Another unique facet of The 19th is its lack of an opinion or editorial section, something Haines said was done intentionally to avoid ostracizing those who may share different beliefs.
“We decided not to have an opinion or editorial section in order to build faith with our readership through reporting and through facts,” Haines said. “We want to encourage a community; we seek to be a home for all women regardless of their political strife. We want people to feel welcome.”
When asked by moderator Vice President and Emily and Richard Smucker Chair for Education Matt Ewalt about the role that men play in her reporting, Haines assured viewers that no one was excluded, saying that “men are absolutely part of this conversation. Frankly, we couldn’t be covering the 2020 election if we were not covering men.”
However, she wanted to emphasize that the purpose of The 19th was to elevate the role of female journalists in an atmosphere where there is less representation, citing the fact that over two-thirds of political journalists are men.
“Women are as qualified and capable of weighing in on our politics and of shaping the conversation around our politics as men are,” Haines said.
“As editor-at-large, I have the role I wanted to play, not only as one of the first reporters, but also as an ambassador,” Haines said regarding her appearances on and in various news platforms, including NPR and PBS. “This is an opportunity to be among these visionaries not fixing a culture, but building a culture.”
Haines went into the creation of The 19th with a goal of creating an inclusive environment.
“You have to create the climate for women and minority journalists to thrive, to do the kind of journalism that is going to be impactful, that is going to afflict the comfortable, that is going to right wrongs and that is going to move us to a more free and fair democracy,” she said.
As the United States continues to battle COVID-19, Haines believes that political journalism is more important than ever.

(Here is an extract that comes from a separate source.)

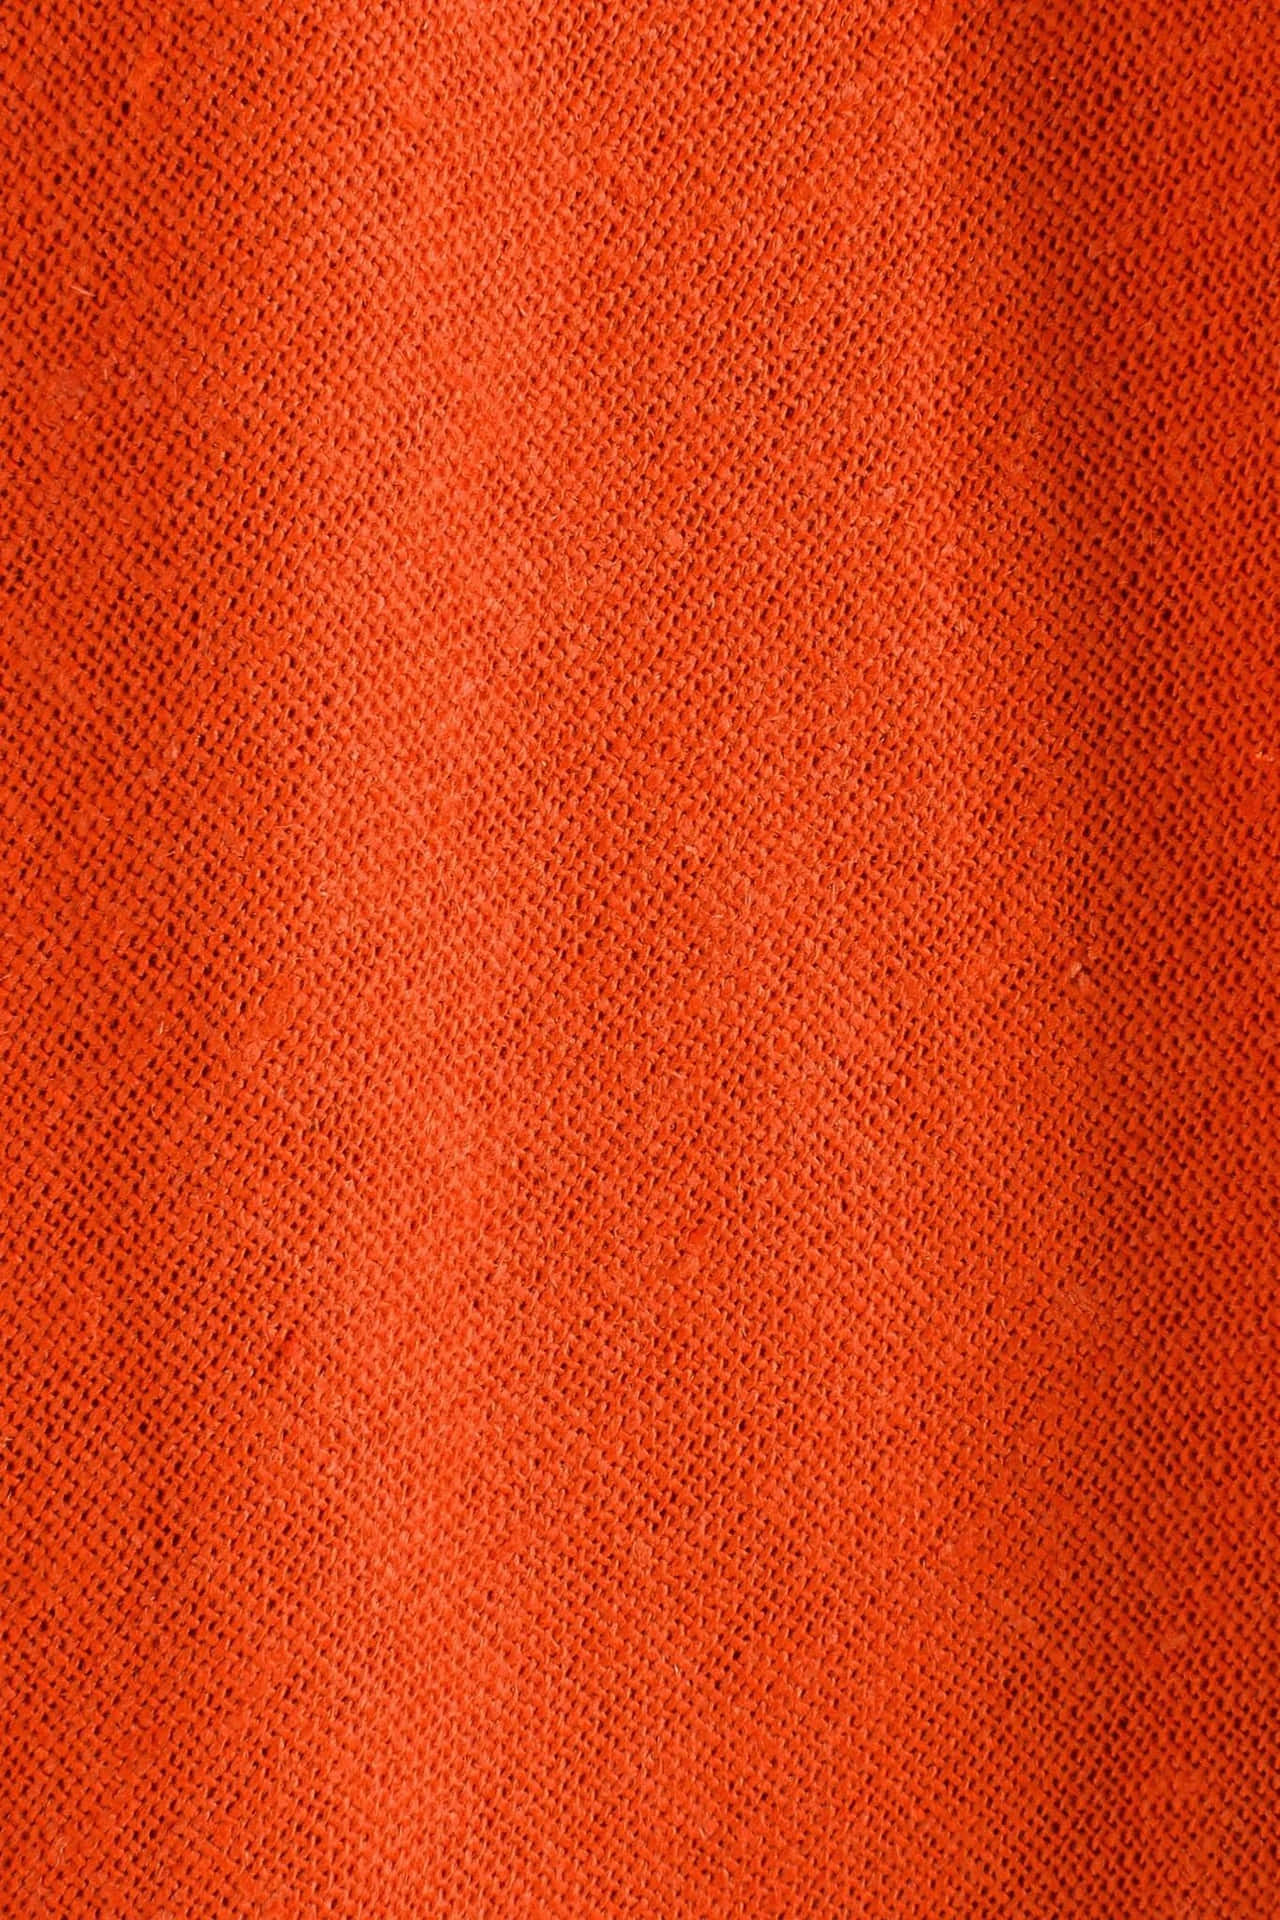 Burnt Orange Background Cloth Shades

“The pandemic is absolutely political,” Haines said. “With the pandemic, it is our duty to inform women of how they can safely and fully participate in this democracy.”
As the 2020 election draws closer, many issues are appearing in the forefront of the media, forcing many people who may have been previously isolated from engagement to involve themselves in politics.
“This national reckoning has really presented an opportunity for people to learn and expand their worldview,” Haines said, calling it “very encouraging.”
One concern that Haines hopes to dispel with The 19th’s bias-avoidance publication style is the creation of yet another echo chamber where people simply surround themselves with like-minded thinkers and close themselves off to new thoughts and opinions.
“Our timelines are filled with people who think like we think,” Haines said. “We have to be more deliberate about expanding that circle.”
Haines has been inspired by the shift of race and gender issues to the forefront of public concern, and is adamant that journalism must continue to play a large role in the dissemination of factual reporting.
“This country was founded on protests and dissent and revolution,” Haines said. “Journalism has the potential to be part of that ongoing revolution in our country that helps to perfect our union.”
As systemic injustices are more widely recognized, Haines is hopeful that the dissolution of historically biased institutions and ways of thinking will allow a space to build unity.
“The important conversations that we have now are about the centennial of the suffrage movement and what voting means and who gets to participate in this democracy,” Haines said. “These are the big questions that we have an opportunity to wrestle with, hopefully with the goal of finding a new way forward together.”